Relationship to plaques and β amyloid Although it has been widely proposed that amyloid β protein is neurotoxic, and even perhaps responsible for inducing intracellular changes that result in NFT formation (e.g. tau hyperphosphorylation) and accumulation, possibly involving oxidative stress (Behl et al., 1994), it is quite clear that the extent of nerve cell loss or even the density of neurofibrillary fails to correlate with the number of neuritic plaques (Neary
et al., 1986b). However, levels of precursor protein for β amyloid (amyloid precursor protein, APP) are reduced in AD, in line with the remaining number of functional neurones (Francis et al., 1993), emphasizing the principal neuronal localization of this particular protein.

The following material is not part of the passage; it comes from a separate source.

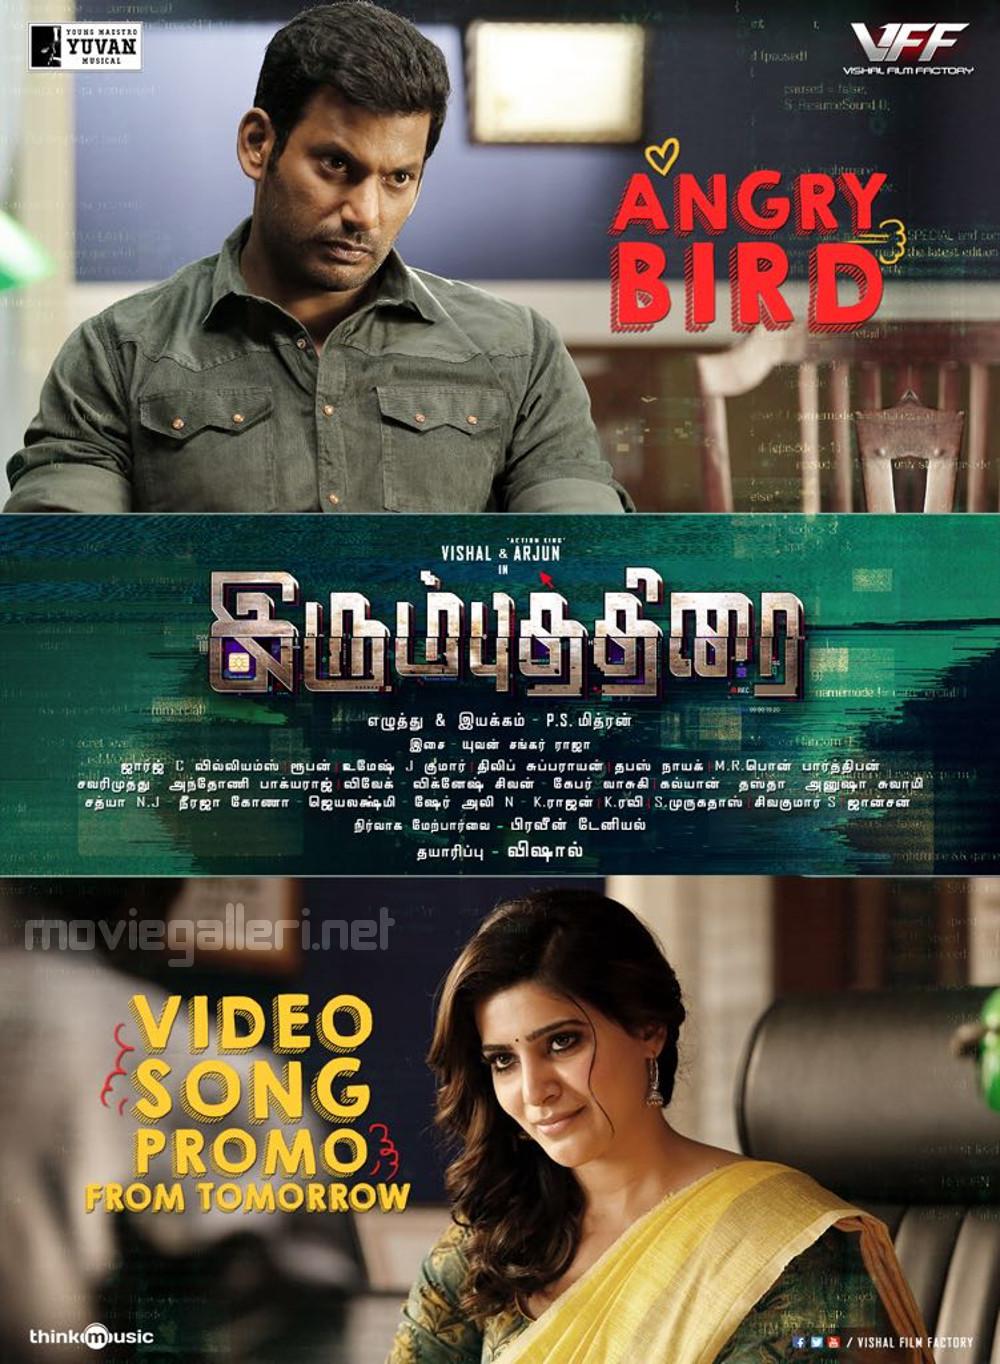 Vishal Samantha Irumbu Thirai Angry Bird Video Song Promo Release Posters

Relationship to clinical dementia Although the early studies of Blessed and Roth (Blessed et al., 1968) suggested an overall correlation between neuritic plaque density and the degree of dementia in a cohort of elderly demented and nondemented subjects, later studies (Neary et al., 1986b; Terry et al., 1991; Arriagada et al., 1992) have failed to substantiate this only within individuals suffering from AD. Indices of NFT formation correlate better than plaques (Wilcock & Esiri, 1982; Terry et al., 1991; Arriagada et al., 1992; Neary et al., 1986b; McKee et al., 1991) yet here again the correlation is generally still weak. Since the numbers of SP and NFT continually change during the course of the illness with old plaques and tangles being removed and replaced by newer ones (Hyman et al., 1993; Mann et al., 1986) such lack of correlation should be anticipated. Much better correlations have been achieved between the degree of dementia and reductions in the number of surviving pyramidal cells (Neary et al., 1986b) or synapses (Terry et al., 1991; DeKosky & Scheff, 1990; Davies et al., 1987). This should perhaps be expected since not only do these latter measures represent more accurately an accumulative tissue deficit over the course of the illness, but also because they are key markers of the integrative capabilities of the neocortex. As if to emphasize the importance of an intact complement of pyramidal neurones and their synapses to the proper functioning of the cerebral cortex, similar losses of neurones have been reported in other cortical dementias such as Down’s syndrome (Mann et al., 1985, 1987) or frontal lobe dementia (Mann et al., 1993). Neocortical synapse loss is also seen in frontal lobe dementia (Brun et al., 1995) and, as in AD, a reduction in cortical APP levels accompanies the loss of pyramidal cells (Francis et al., 1993).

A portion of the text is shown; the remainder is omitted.